Global economic outlook ‘somewhat less dire’ than expected — IMF
24 Sep 2020
The global economic outlook is not quite as dark as expected even just three months ago, a top International Monetary Fund official said on Thursday, citing better-than-anticipated economic data from China and other advanced economies.
However, IMF spokesman Gerry Rice told reporters the overall global outlook remained challenging as a result of the coronavirus pandemic and its impact on many economic sectors.
The situation remained “precarious” in many developing countries and emerging markets other than China, he said, noting that the IMF was also concerned about rising debt levels.
The IMF is due to release its latest World Economic Outlook on Oct 13. In June, it slashed its 2020 global output forecasts further, forecasting the global economy would shrink by 4.9%, compared with a 3% contraction predicted in April.
Rice gave no fresh numbers, but said recent data from China and other advanced economies was better than expected.

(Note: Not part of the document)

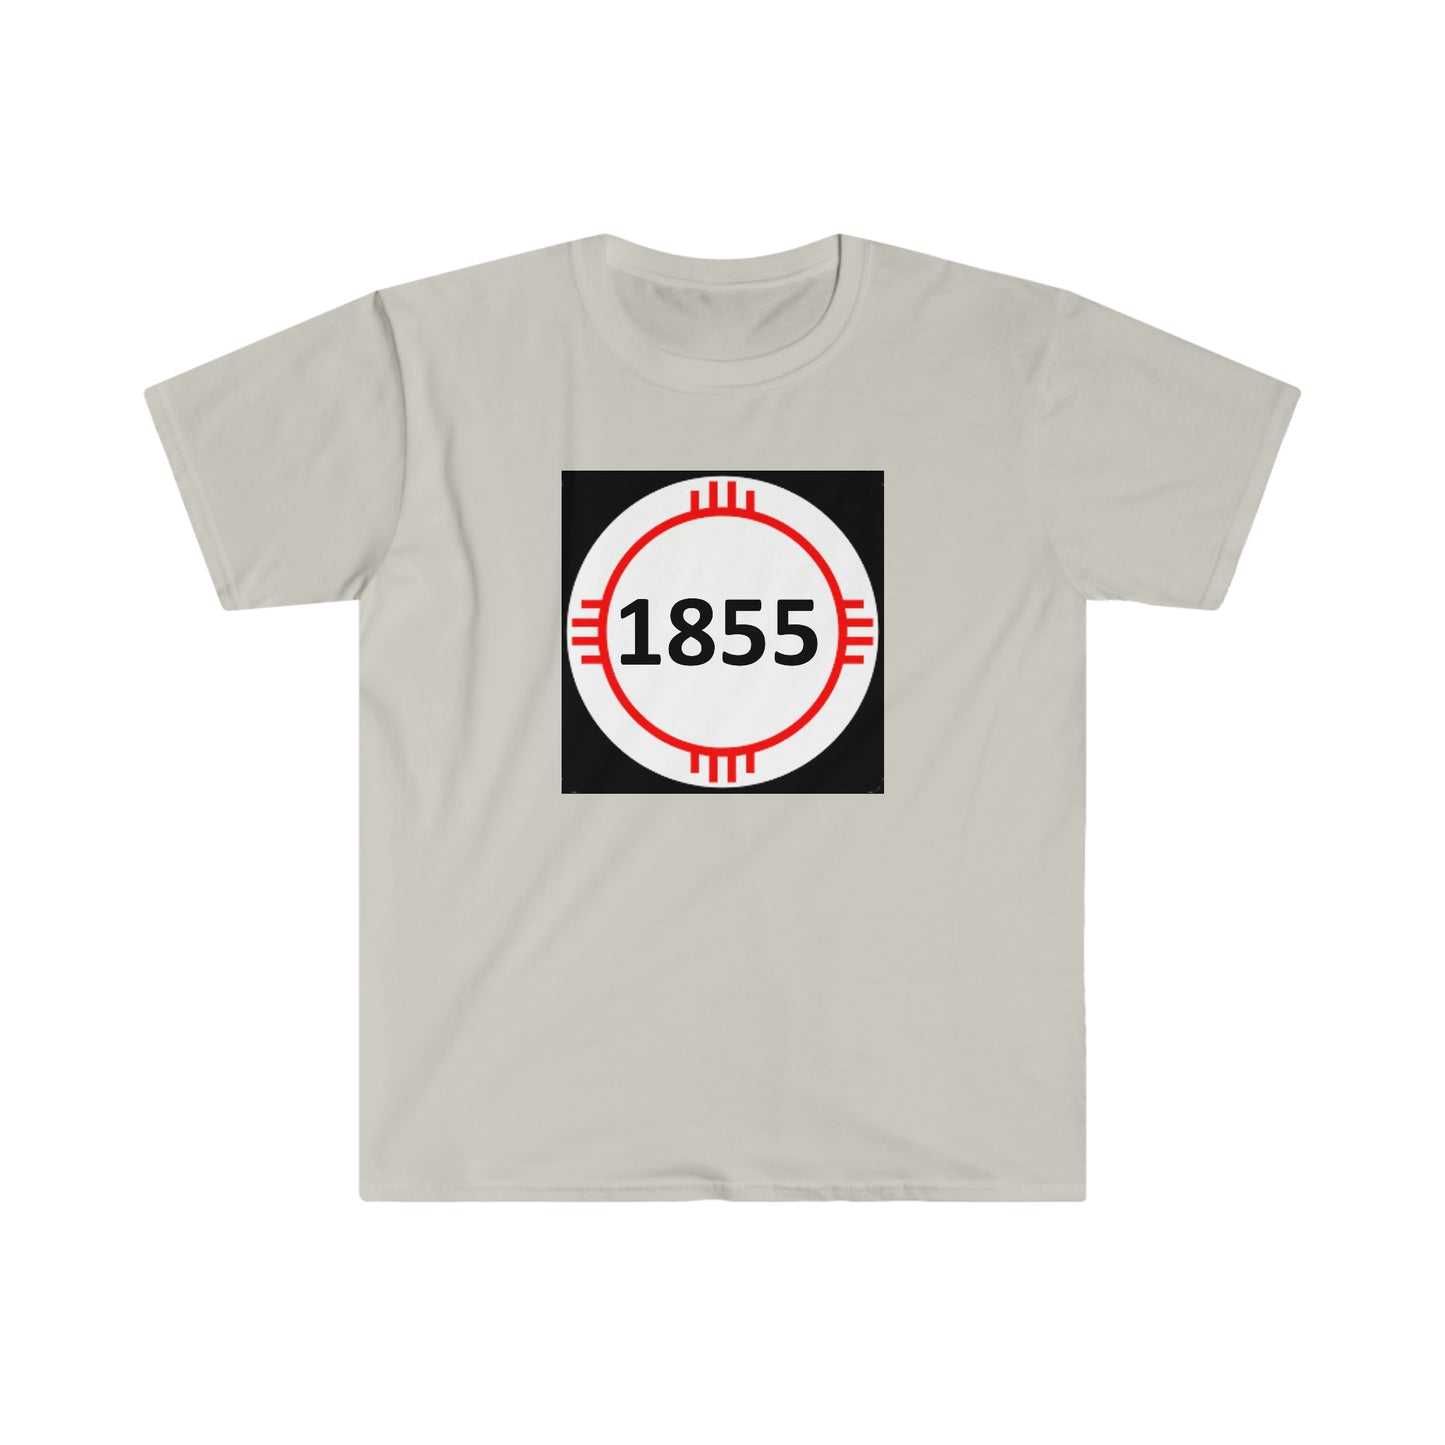 New Mexico State Road 1855 - T-Shirt

“Recent incoming data suggests that the outlook may be somewhat less dire than at the time of the WEO update on June 24, with parts of the global economy beginning to turn the corner,” he told a regular briefing.
There were also signs that global trade was slowly beginning to recover after widespread lockdowns aimed at containing the spread of the virus, Rice said.
“But I would emphasize that we are not out of the woods, and the outlook remains very challenging, especially for many emerging markets and developing countries, other than China,” he said, noting that many of those countries faced continued weakness in domestic demand, lower export demand, shrinking remittances and declines in tourism.
“Taken together, we are very concerned that this crisis will reverse the gains in poverty reduction that have been made in recent years, and roll back progress that has been made toward the Sustainable Development Goals,” he said, referring to ambitious goals set out by the United Nations five years ago to end poverty and inequality.